It seems to me that sufficient continuity exists with regard to the substance of the Sacrament that we ought not throw off centuries of practice so easily. I dare say that children in an agrarian society probably grew up faster than our own and it is not a small thing that Christ Himself did not attend the "supper" until he was 12.


----------



## wsw201 (Sep 21, 2007)

SemperFideles said:


> This is not intended to start any snowball fights but one of the things I do to defend the distinct character of the Lord's Supper and Baptism when discussing with Baptists is that the former is a Covenant Renewal ceremony for discerning disciples. I point out that the Law required only the Jewish _men_ to go up to the Tabernacle during the Passover to celebrate it.
> 
> When you read Edersheim on the practice, it was Jewish practice that a boy attended his first Passover at age 12 - hence Jesus seems to have submitted to the same pattern.
> 
> ...



Allowing children under the age of 12 to become communing members is a rather recent phenomenon in Reformed Churches. Prior to the 1970's it would be rare to have a 6-7-8 year old becoming a communing member if you saw it at all. 12 was it and that was after you went through a communicants class.

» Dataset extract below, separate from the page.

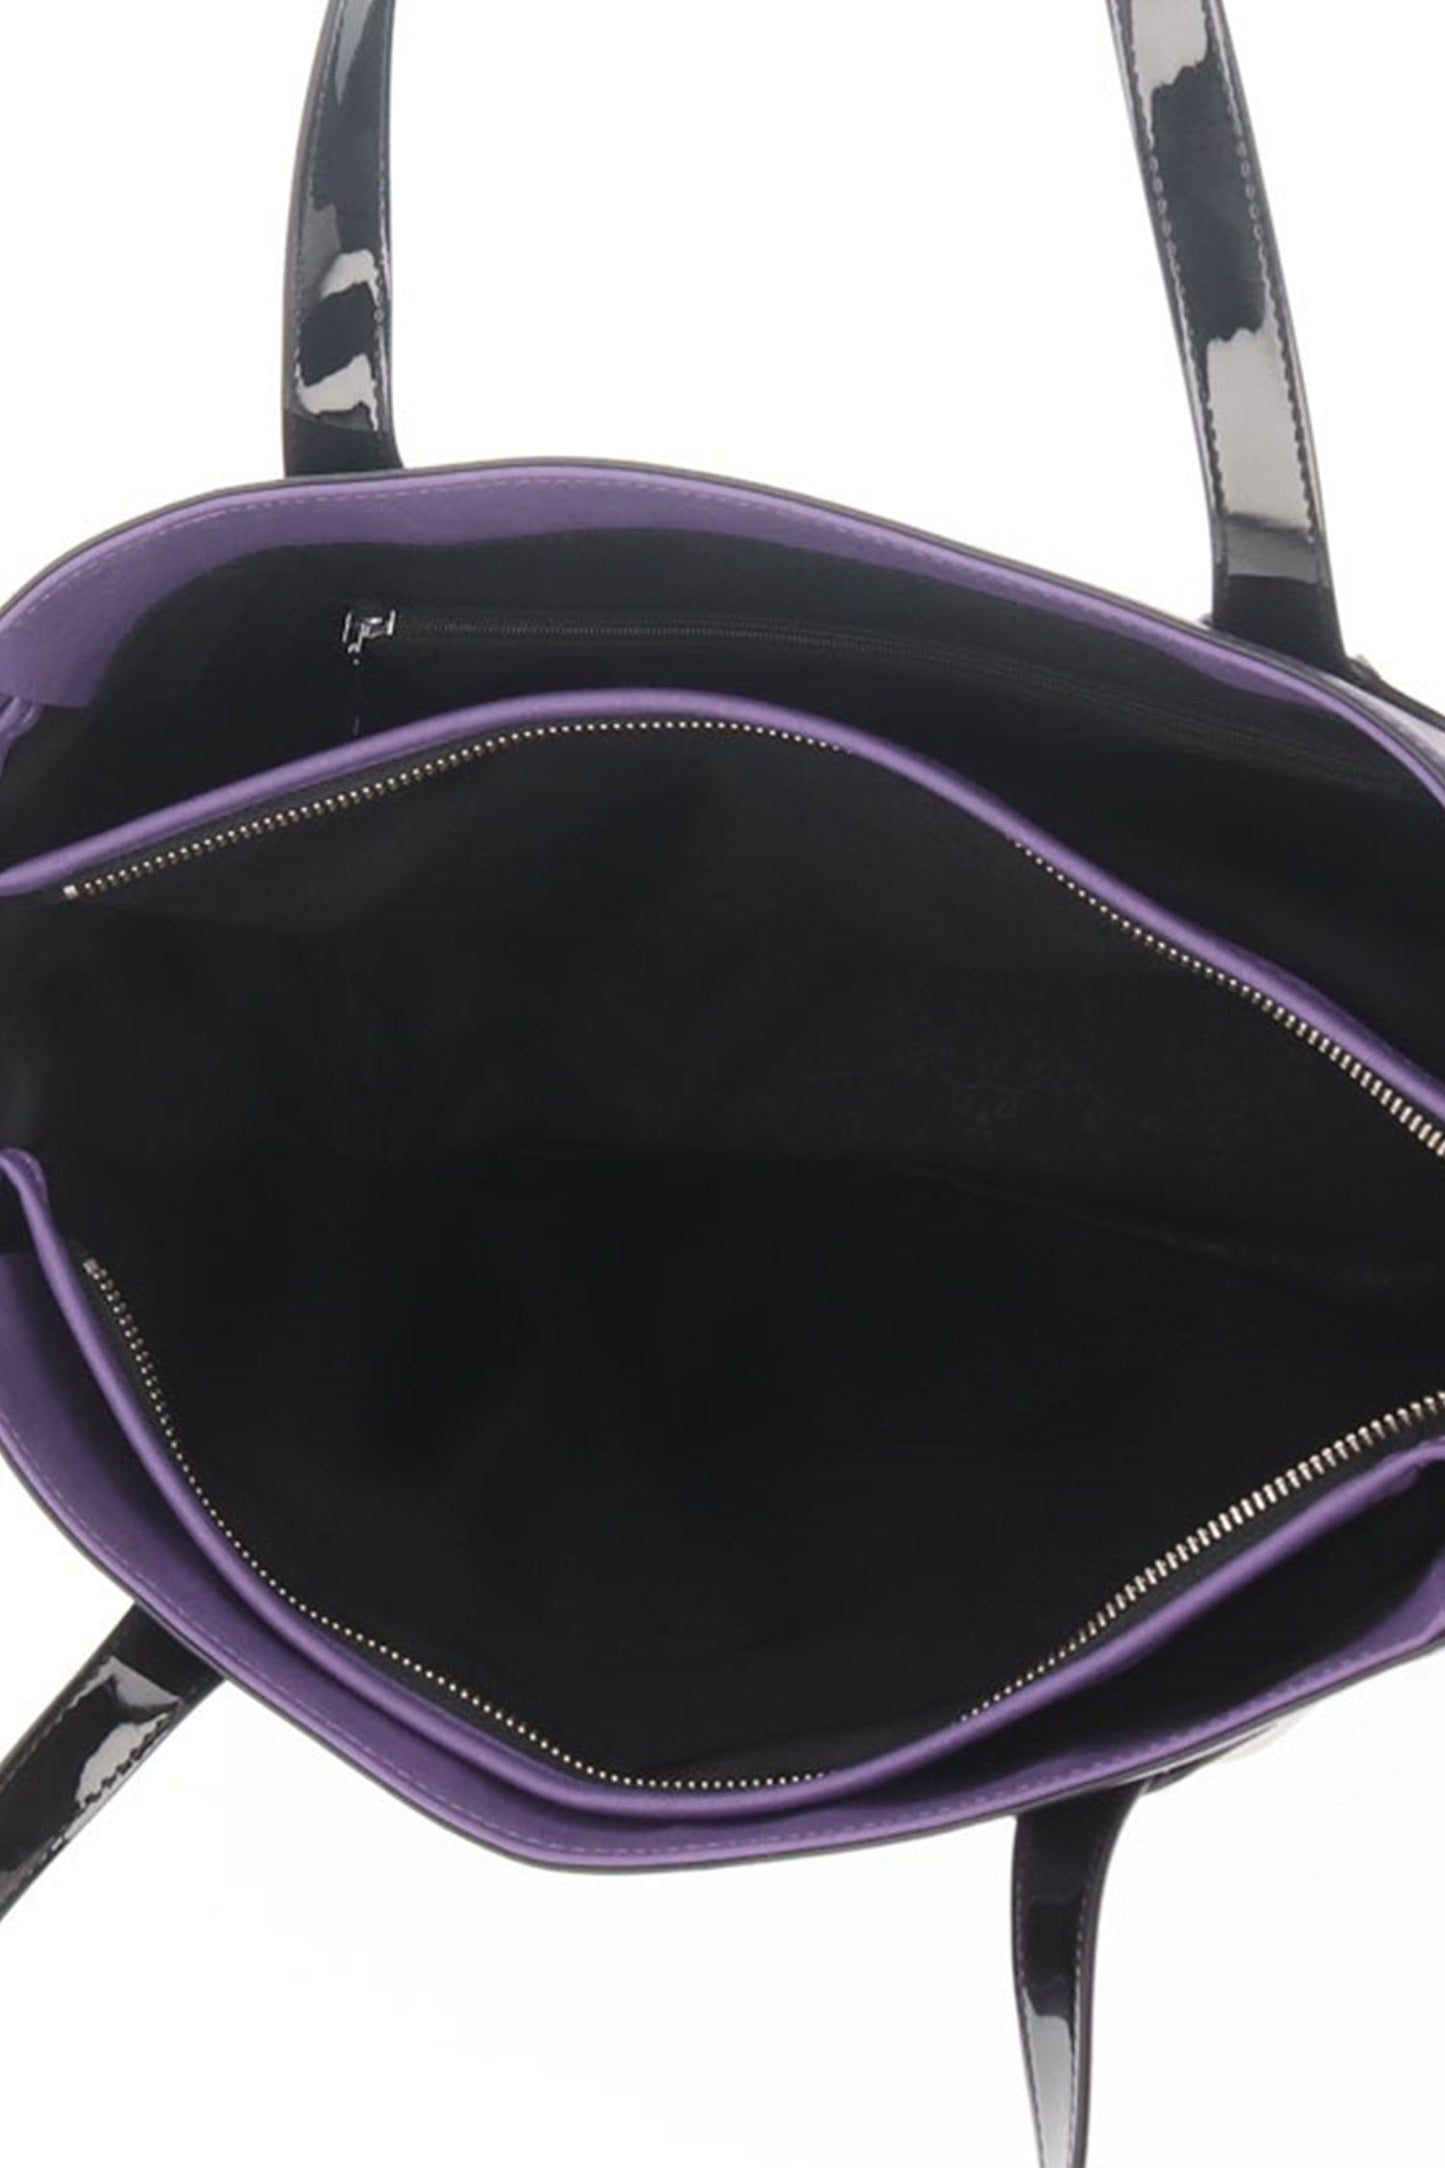 Metallica Large Tote Bag Purple open has with plenty of space to carry a lot of your belonging

Though peadocommunion is not allowed in the PCA or OPC, "covenant" communion is now the new "buzz" word to get around calling it peadocommunion. 

One thing that I find disturbing about having very young children becoming communing members is that parents as well as Session seem to forget that the child will also be entering into a Covenant with Christ's Church. The child will be required to make vows with God Almighty as the child's witness. Can a 6-7-8 year old really "pay his vows"? All parents and Sessions should read and re-read the chapter on Oaths and Vows in the WCF before considering putting their child in that position.


----------



## VictorBravo (Sep 21, 2007)

SemperFideles said:


> It seems to me that sufficient continuity exists with regard to the substance of the Sacrament that we ought not throw off centuries of practice so easily. I dare say that children in an agrarian society probably grew up faster than our own and it is not a small thing that Christ Himself did not attend the "supper" until he was 12.

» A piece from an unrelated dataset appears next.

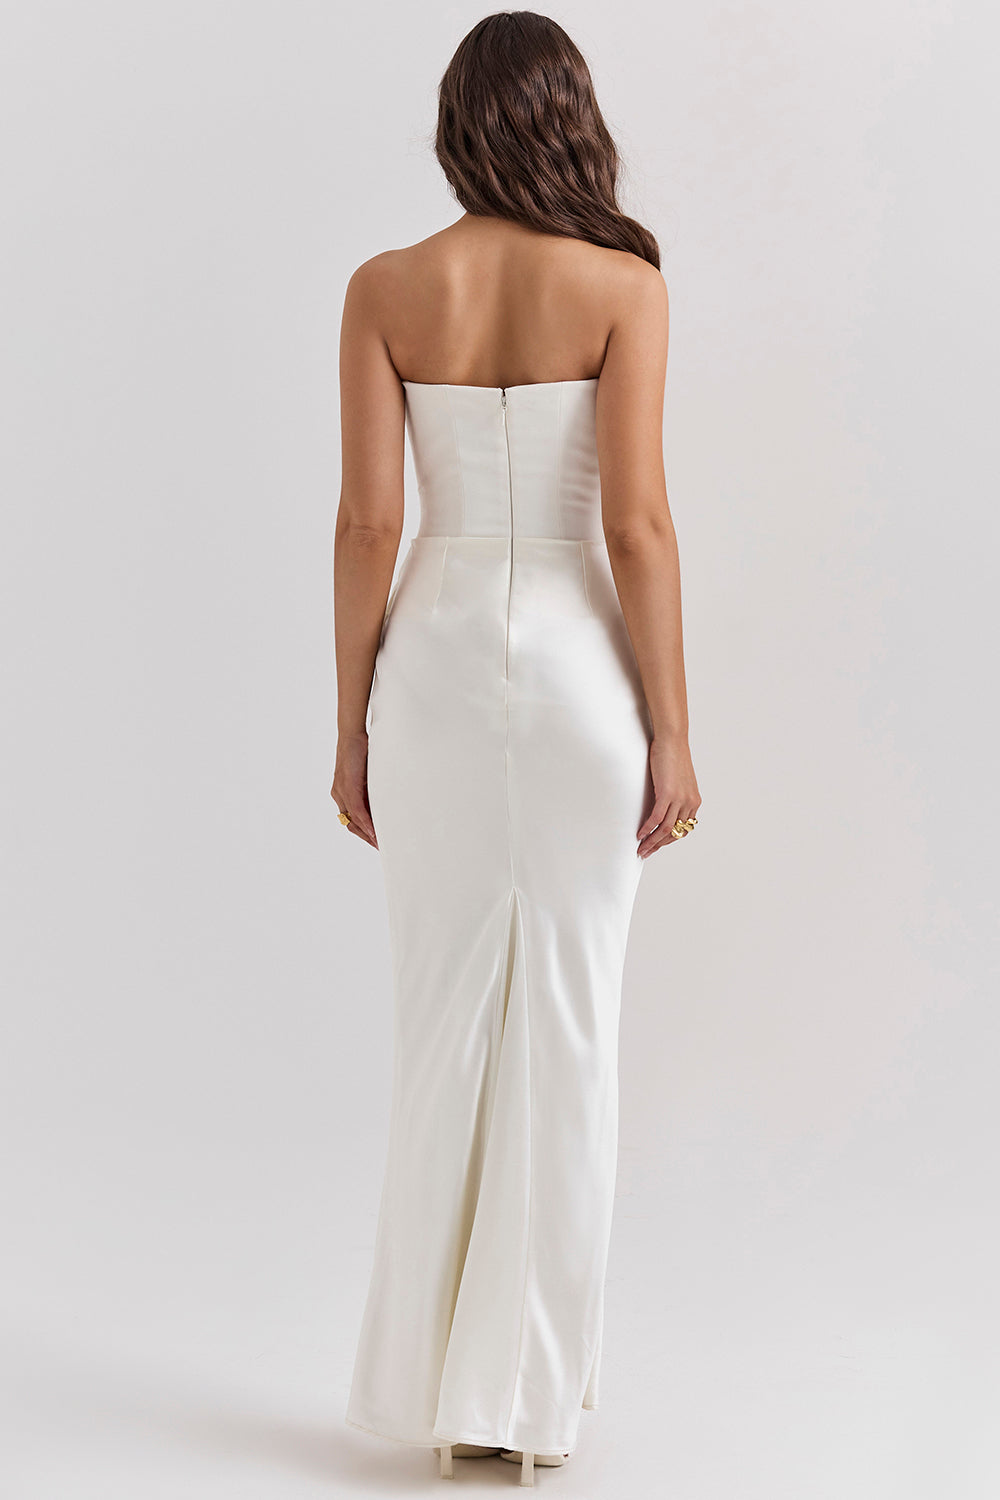 Hire HOUSE OF CB Persephone Strapless Corset Dress in Ivory

Especially considering that at 12, Jesus was interacting with elders as equals and even as a teacher.


----------



## jbergsing (Sep 21, 2007)

I didn't realize that the PCA had an official stance on the matter. I wish I would have known this before my kid started showing interest in it. To him, it's a matter of feeling left out. Obviously this isn't a valid reason to allow him to partake. Now to figure out how to deal with him.


----------



## wsw201 (Sep 21, 2007)

jbergsing said:


> I didn't realize that the PCA had an official stance on the matter. I wish I would have known this before my kid started showing interest in it. To him, it's a matter of feeling left out. Obviously this isn't a valid reason to allow him to partake. Now to figure out how to deal with him.



John,

Out of curiousity, do you think your child is ready to enter into Covenant with Christ's Church and is able to fulfill the membership vows as a communing member?


----------



## jbergsing (Sep 21, 2007)

wsw201 said:


> jbergsing said:
> 
> 
> > I didn't realize that the PCA had an official stance on the matter. I wish I would have known this before my kid started showing interest in it. To him, it's a matter of feeling left out. Obviously this isn't a valid reason to allow him to partake. Now to figure out how to deal with him.
> ...


Not yet, no. Honestly, right now he's more interested in drawing pictures during the sermons than listening (no children's church for his age during the service).


----------



## raderag (Sep 21, 2007)

Many PCA Churches practice the idea of "age appropriate" profession of faith, which means communion is given to many as young as 3.

My 11 year old starting taking it at 6-7, but I would have waited longer if I knew now what I knew then. She was probably ready 8-9.


----------



## fredtgreco (Sep 21, 2007)

raderag said:


> Many PCA Churches practice the idea of "age appropriate" profession of faith, which means communion is given to many as young as 3.
> 
> My 11 year old starting taking it at 6-7, but I would have waited longer if I knew now what I knew then. She was probably ready 8-9.



Age appropriate confessions are a very, very, very bad idea. It is, among other things, a disingenuous attempt to get around the clear prescribed practice of the BCO.


----------



## raderag (Sep 21, 2007)

fredtgreco said:


> raderag said:
> 
> 
> > Many PCA Churches practice the idea of "age appropriate" profession of faith, which means communion is given to many as young as 3.
> ...



I am not going to disagree with you there, but I just wanted to point out that is a common practice.


----------